The model-testing process involved two steps: first, determining the best model using the HADS risk score only, and then finding the optimal strategy for combining NSS data with the best model from the first step. Specifically, we began with a model including only the composite predicted risk score based on the HADS (expressed as a predicted log odds standardized to have a mean of 0 and a variance of 1), controlling (as in all subsequent models) for time in service; we then estimated models including a quadratic effect of HADS risk score, an interaction of the risk score with time, and their combination. In the second step, we tested the effect of adding the NSS composite predicted risk score to the best HADS model, followed by combinations of a quadratic NSS term, an interaction of NSS score with HADS score, and an interaction of NSS risk score with historical time. Importantly, whereas the values of the NSS composite risk score did not change with time in service because the NSS was administered only once, the values of the HADS composite risk score did change due to the addition of new administrative data each month. We tested the significance of interactions between the composite risk scores and time in service to evaluate the assumption that the HADS composite risk score might become more important over time and the NSS composite risk score less important. Design-based Wald χ2 tests based on the Taylor series method [25] were used to select the best-fitting model for each outcome. This method took into consideration the weighting and clustering of the NSS data in calculating significance tests.

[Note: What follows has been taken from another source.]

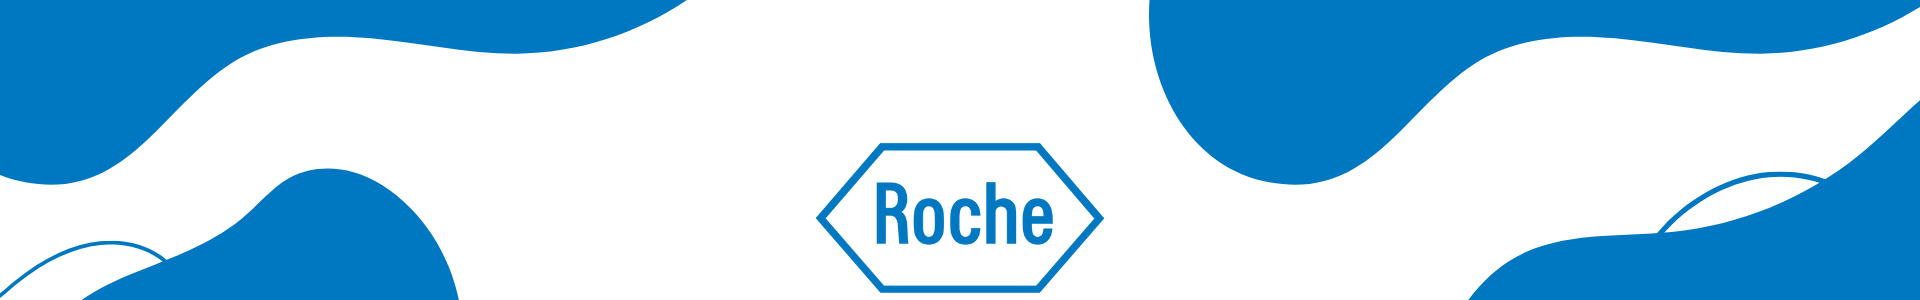 Marca Roche

Once the best-fitting model for each outcome was selected, we exponentiated the logistic regression coefficients and their design-based standard errors for that model to create odds-ratios (ORs) and 95% confidence intervals (95% CIs). We then divided the sample into 20 separate groups (ventiles), each representing 5% of respondents ranked in terms of their risk scores in the best-fitting models, and calculated concentration of risk for each ventile: the proportions of observed cases of the outcome in each ventile. If the models were strong predictors, we would expect high concentration of risk in the upper ventiles. Concentration of risk was calculated and compared not only for the best-fitting models but also for the HADS-only models to determine the improvement in prediction strength achieved by adding information from the NSS rather than relying exclusively on HADS risk scores. We also calculated concentration of risk for the NSS-only models for comparative purposes. Finally, we calculated positive predictive value: the proportion of soldiers in each ventile that had the outcome over the follow-up period. As with morbid risk, positive predictive value was projected to 36 months using the actuarial method to adjust for the fact that the follow-up period varied across soldiers.

Results

Outcome distributions

A total of 186 male NSS respondents were accused of founded major physical violence perpetration and 132 of sexual violence perpetration by the end of the follow-up period, and 135 female NSS respondents reported sexual violence victimization over the same time period. These numbers correspond to incidence estimates per 1000 person-years of 4.5 for male physical violence perpetration, 3.1 for male sexual violence perpetration, and 19.5 for female sexual violence victimization. 36-month morbid risks per 1000 soldiers are 10.8 for male physical violence perpetration, 7.7 for male sexual violence perpetration, and 42.6 for female sexual violence victimization (computed using the actuarial method [23] implemented in SAS PROC LIFETEST [24]). Survival curves show that all outcomes were much less likely to occur in the first months of service, when new soldiers are in training, than later in the follow-up period (Fig. 1). Median (interquartile range) months-to-occurrence were 20 (13–25) for male physical violence perpetration, 14 (7–22) for male sexual violence perpetration, and 9 (6–15) for female sexual violence victimization.

Fig. 1
figure 1

Survival curves for the outcomes over the 36-month follow-up period (n = 18,838 men and 2952 women)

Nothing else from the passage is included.